2) “Ce sera plus transparent”

Aujourd’hui la situation est loin d’être parfaite mais on sait au moins quels sont nos droits en fonction de nos cotisations. Demain :

  • Les droits bougeront en fonction des valeurs d’achat et de service du point, valeurs déterminées chaque année par le gouvernement… selon des critères peu clairs.
  • Les droits diminueront en fonction de l’espérance de vie à de chaque génération (avec une plus ou moins grande décote).
  • L’indexation des droits acquis se fera sur les salaires moyens (mais le passage serait progressif, avec une indexation actuellement prévue sur l’inflation).
    D’un système à prestations définies, on passerait à un système à cotisations définies : résultat, on sait ce qu’on paie en cotisant, mais pas ce qu’on gagnera à la retraite…

3) “Ce sera mieux pour les femmes”

  • Les femmes ont de nombreuses discontinuités dans leur carrière à cause de la précarité et de l’inégalité, dont la charge de l’éducation des enfants qui repose d’abord sur elles. Leurs salaires sont en général plus bas. Comme la pension sera calculée sur toute la carrière, elles subiront une baisse de pension par rapport à la situation actuelle (qui la calcule sur le dernier salaire ou les meilleures années)..
  • Les femmes vont perdre la MDA, Majoration de durée d’assurance, qui était égalitaire. Un membre du couple aurait 5% de bonus par enfant, au choix des parents, ce qui favorisera le choix de reporter la bonification sur celui qui gagne le plus, l’homme en général.

4) “La part de PIB accordée aux retraites ne diminuera pas”

  • Le gouvernement entend limiter les dépenses consacrées aux retraites à leur niveau actuel, soit 13,8 % du PIB contre 5% en 1960. Comme le nombre de personnes à la retraite va augmenter dans les années à venir, la part de retraite revenant à chaque personne va mathématiquement diminuer. Le Conseil d’orientation des retraites a calculé que le taux de remplacement (le rapport entre le dernier salaire et la pension) passerait de 64,4 (en moyenne aujourd’hui) à 50,9 % en 2050.
  • Le gouvernement ne veut pas qu’il y ait plus de 13,8 % du PIB accordé aux retraites. Et si le PIB baisse, comme c’est la cas après une crise économique ?
    Comme ce nouveau système va affaiblir durablement le niveau de vie des retraité·es, dans le même moment, la loi Pacte encourage la mise en place de retraites par capitalisation… et la boucle est bouclée : c’est la finance qui va récupérer l’argent de ceux et celles qui voudront épargner via des organismes privés et se garantir ainsi un peu plus de retraite.

Et 1 enterrement

Ce qui va disparaître si ce projet voit le jour, c’est la retraite issue de la Sécurité sociale telle qu’on la connait depuis sa création.

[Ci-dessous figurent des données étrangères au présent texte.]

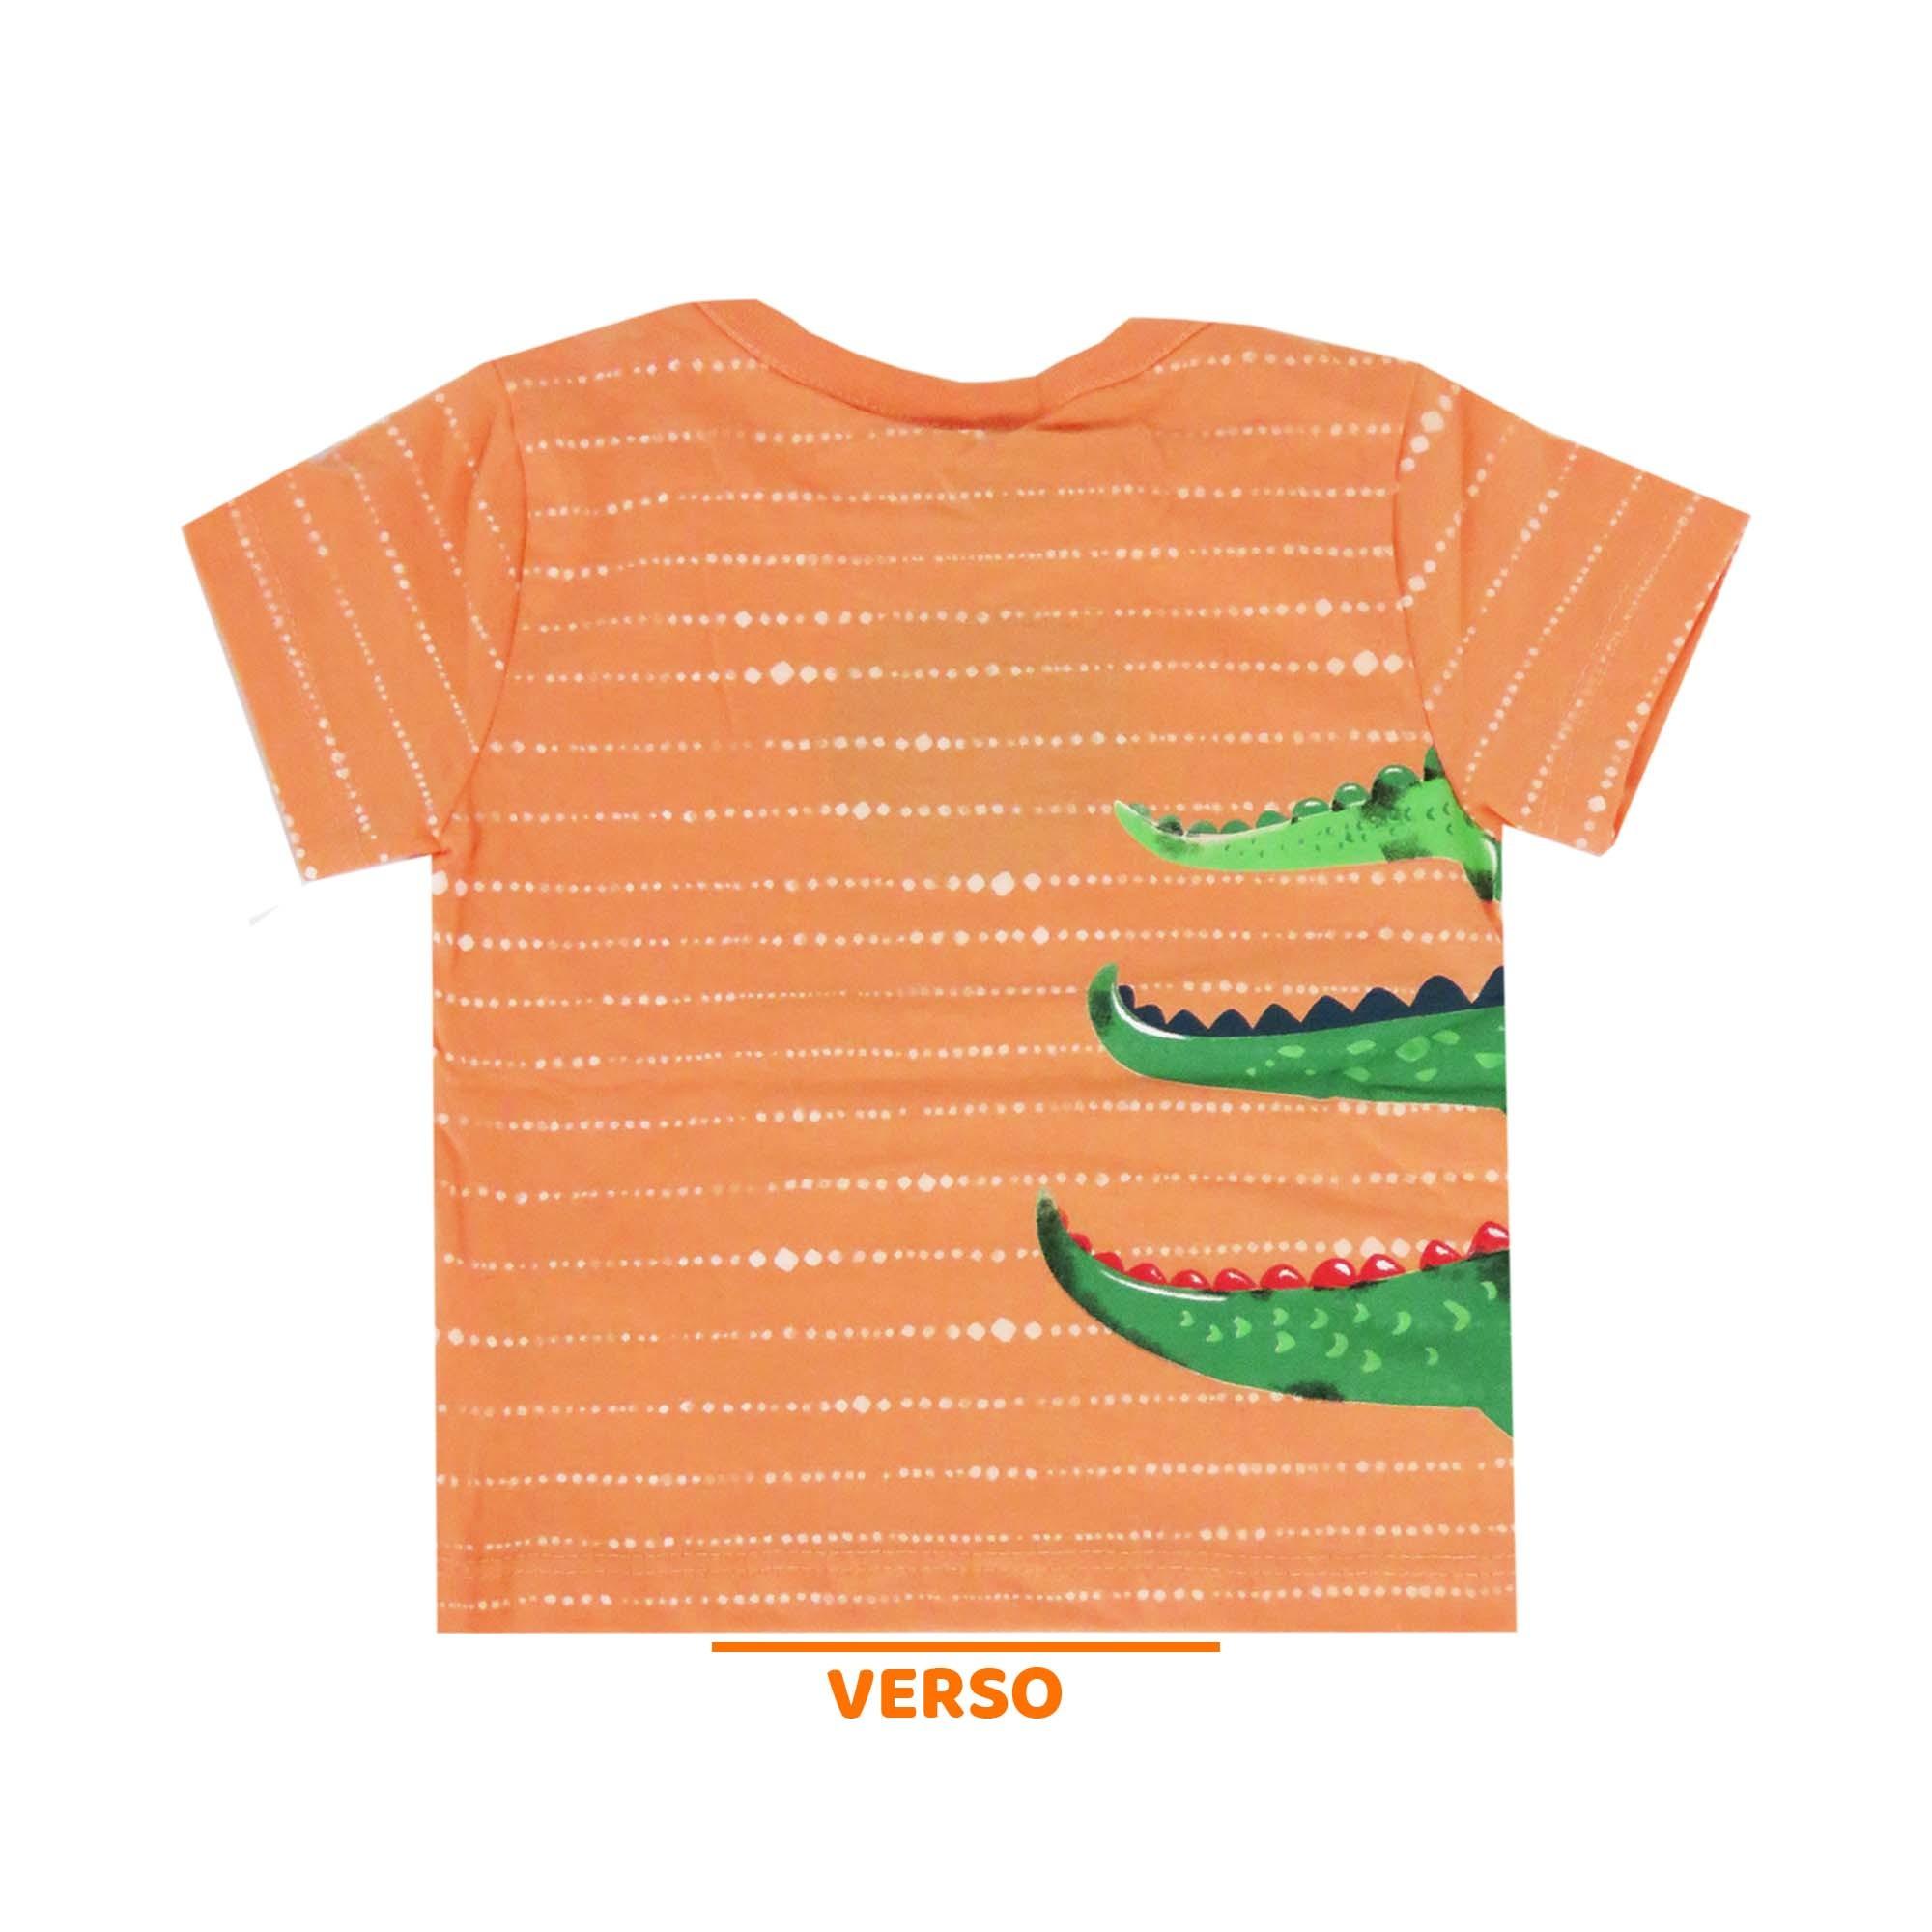 Conjunto de Verão Kiko e Kika Camiseta e Bermuda - Croc Croc - M ao G
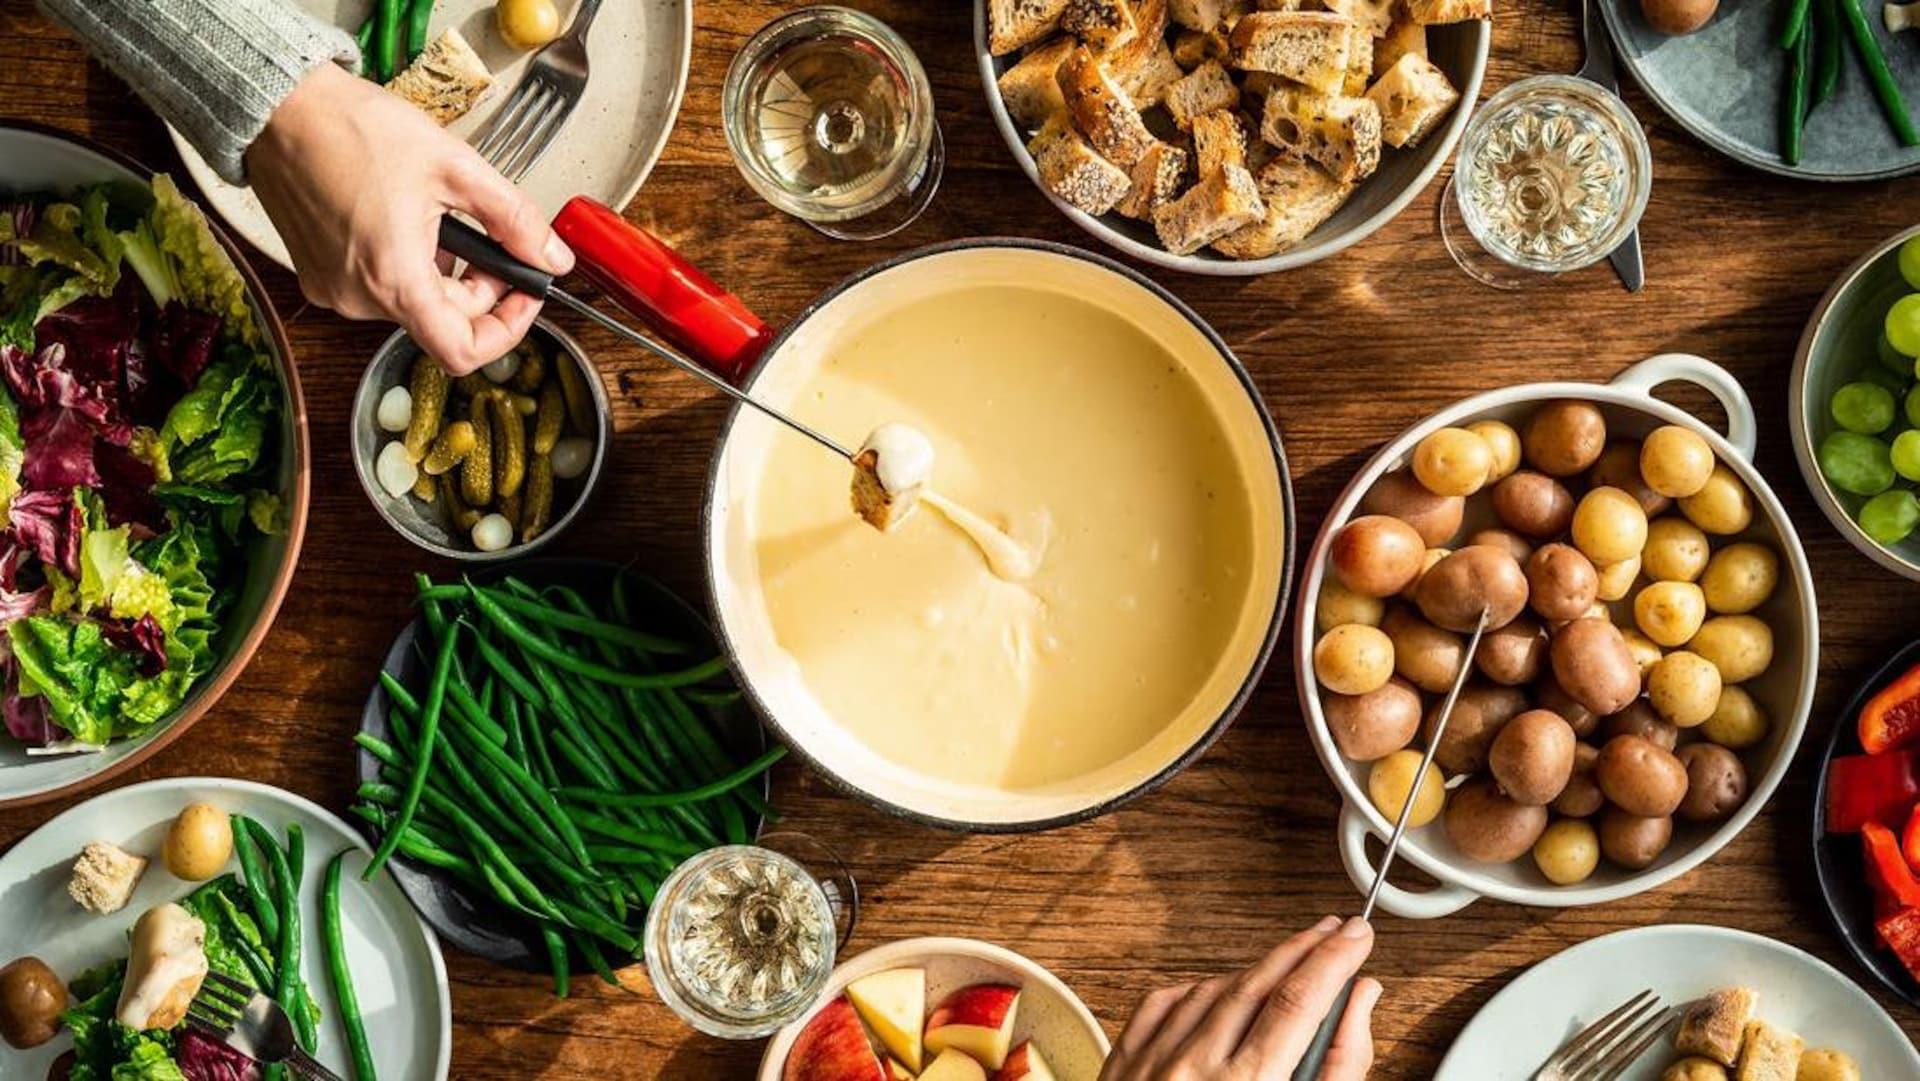 Fondue au fromage entourée de morceaux de pain, de pommes de terre grelot, de fruits et de légumes.

La Sécurité sociale, c’est un système redistributif, qui donne plus à celles et ceux qui ont moins, en gommant les accidents de carrière, en attribuant un meilleur taux de remplacement aux salaires les plus faibles… tout le contraire du système à points contributif.
Nous ne défendons pas de vieilles lunes mais un système qui partait du principe que si on est empêché-e de travailler ou si on ne le fait plus car on est âgé·e, on doit avoir une continuité de droits et pouvoir vivre dignement. Et le calcul de la retraite était basé sur ce principe qui permettait, pour une durée totale de cotisation, un taux de remplacement à 75%.
Voilà ce qui disparaît.

Alors qu’est-ce qu’on veut ?
Et comment l’obtenir ?

La justice sociale, la solidarité intergénérationnelle, l’égalité hommes-femmes.

  • Cela veut dire un départ à 60 ans au plus tard, et même plus tôt en prenant en compte les acquis professionnels et les différentes formes de pénibilité.
  • Un taux de remplacement à 75% pour le taux plein, et une retraite au moins égale au SMIC.

Pour l’obtenir, il nous faudra sortir des sentiers battus et des journées d’actions syndicales traditionnelles et divisées.
La contestation sociale peut prendre de nombreuses formes et toucher des personnes qui ne se mobilisent pas nécessairement lors de journées syndicales. Les jeunes qui critiquent un système capitaliste qui mène la planète à l’épuisement sont aussi ceux et celles qui vont se trouver confronté·es à devoir être toujours plus productifs, travailler plus longtemps… En mettant ensemble nos colères, nos revendications, nos mobilisations, nous pouvons remettre en cause les projets annoncés.